Первоначально ПМПК создавались для «отбраковки» детей с инвалидностью, а сейчас это «пятое колесо» в телеге, мешающее развитию инклюзивного образования, считает Екатерина Мень

Фото с сайта lubopyshka.ru

Случай с мальчиком

Вашему сыну, возможно, уже не нужны особые образовательные условия, вдруг, он за полгода «стал нормальным» – обескуражили сотрудники ПМПК маму 12-летнего невербального аутичного мальчика.

ПМПК – психолого-медико-педагогическая комиссия. Теоретически, ее задача – рекомендовать детям с ограниченными возможностями здоровья (ОВЗ) тот или иной вариант образовательной программы и указать, какие особые технические средства обучения им нужны.

– В этом случае нет ничего экзотического. Люди проходят комиссию, потому что школа об этом просит, – рассказала «Милосердию.ru» директор Центра проблем аутизма Екатерина Мень. – Мама этого мальчика собрала все справки и характеристики, по всем образовательным потребностям ученика, индивидуальные программы и учебные планы, и все же ПМПК потребовала выписку с оценками. Оценки были положительные.

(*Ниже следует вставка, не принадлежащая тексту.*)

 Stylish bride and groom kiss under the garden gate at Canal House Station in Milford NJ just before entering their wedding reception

У мальчика аутизм, он невербальный, но для него создана действительно уникальная образовательная стратегия, ее разработала ресурсно-тьюторская служба школы. Понятно, что та часть обучения, которая опирается на устную речь, ему недоступна. Используются альтернативные средства коммуникации, выбираются особые форматы, он может делать презентации. Он очень хорошо включен, учится в обычном пятом классе.

Когда специалисты только начинали работать с этим ребенком, перед ними стояла задача выстроить профиль его социальных навыков: чтобы он сидел за партой, понимал правила школы.

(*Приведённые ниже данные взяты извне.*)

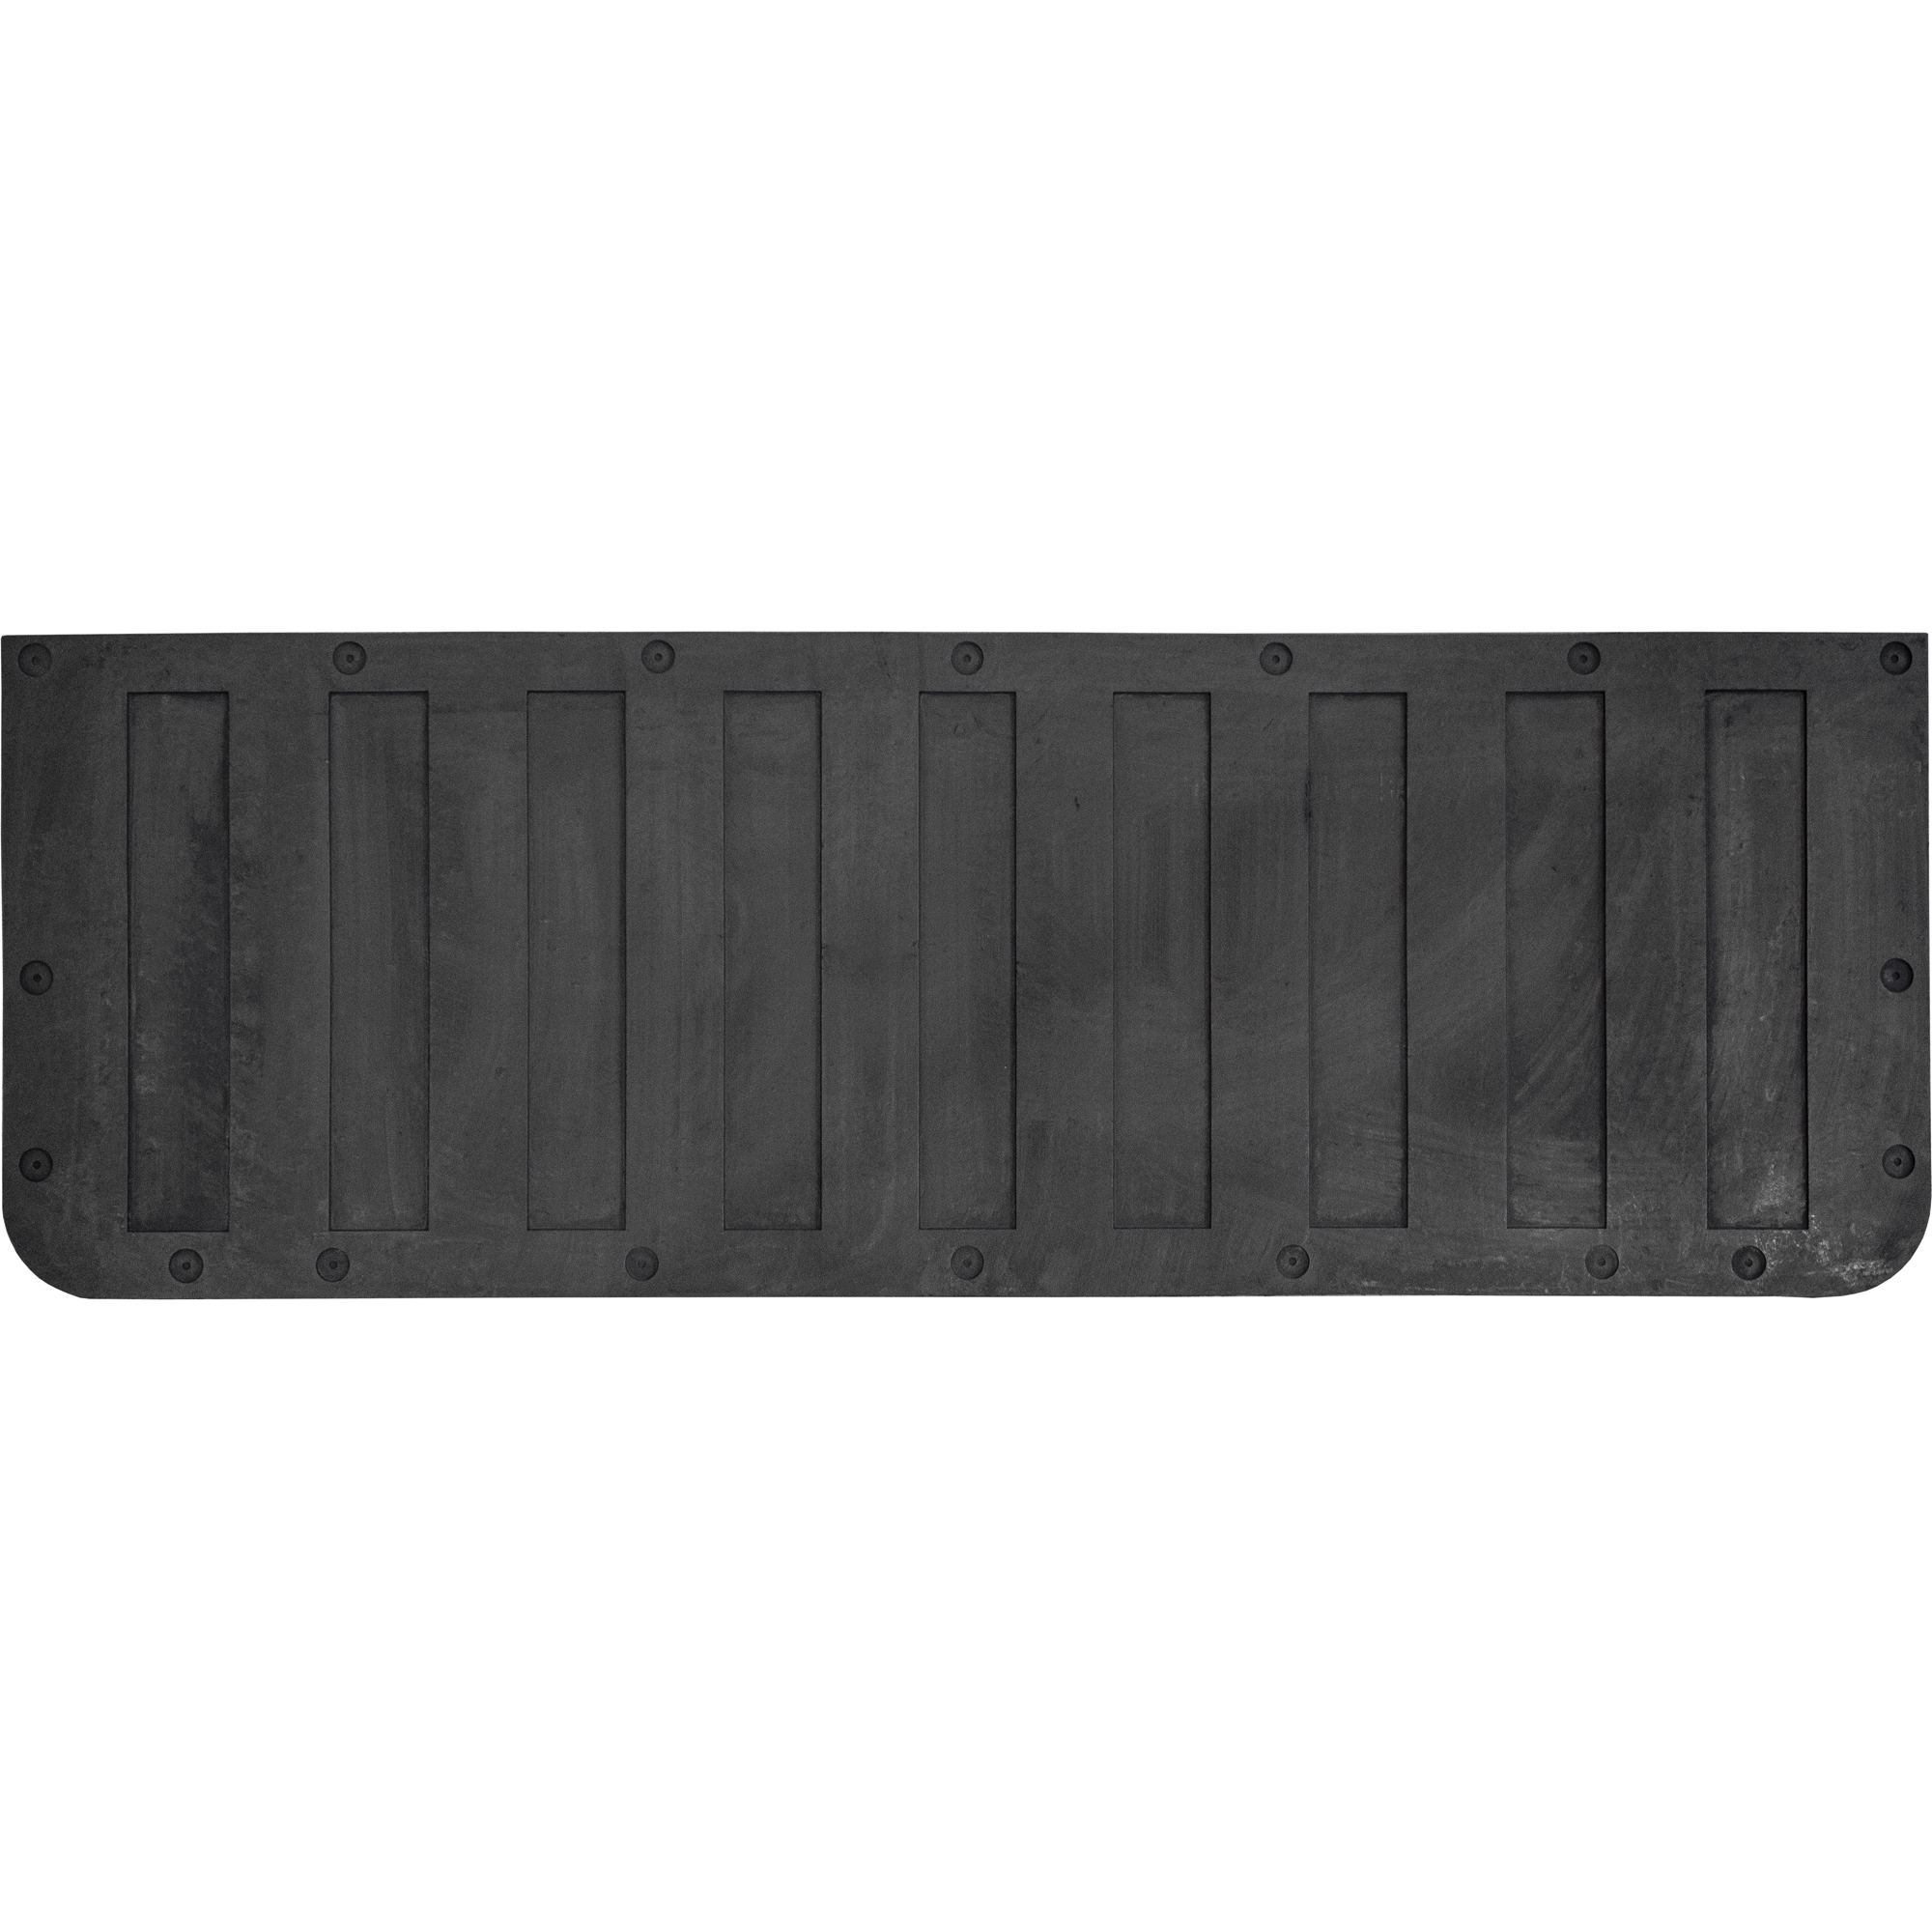 Boomerang Rubber, Chevy/GMC Truck Truck Tailgate Mat, Long/Short Bed, Primary Color Black, Model TM C BAGGED

Другой задачей было максимальное развитие внутренней речи, понятийного аппарата. Была создана индивидуальная программа, компенсирующая его невербальность. Сначала мальчик пользовался карточками PECS (система альтернативной коммуникации с помощью обмена изображениями), затем – программами iPad, сейчас он использует речевой тренажер Go Talk и с его помощью может даже иногда отвечать на вопросы у доски. Технически он очень «продвинутый».

Ребенок учится в обычном классе, но школьная программа для него существенно адаптирована, у него много социальных тренингов. Это огромная работа, которая и составляет суть превращения обычной школы в инклюзивную.

Зачем детей приводят на ПМПК

Екатерина Мень

– Понятно, что у школы должны быть некие основания для создания особых образовательных условий – ведь это дополнительные траты. Раньше особые образовательные условия в школах можно было выстраивать на основе индивидуального плана реабилитации (ИПР), который дети получали при оформлении инвалидности.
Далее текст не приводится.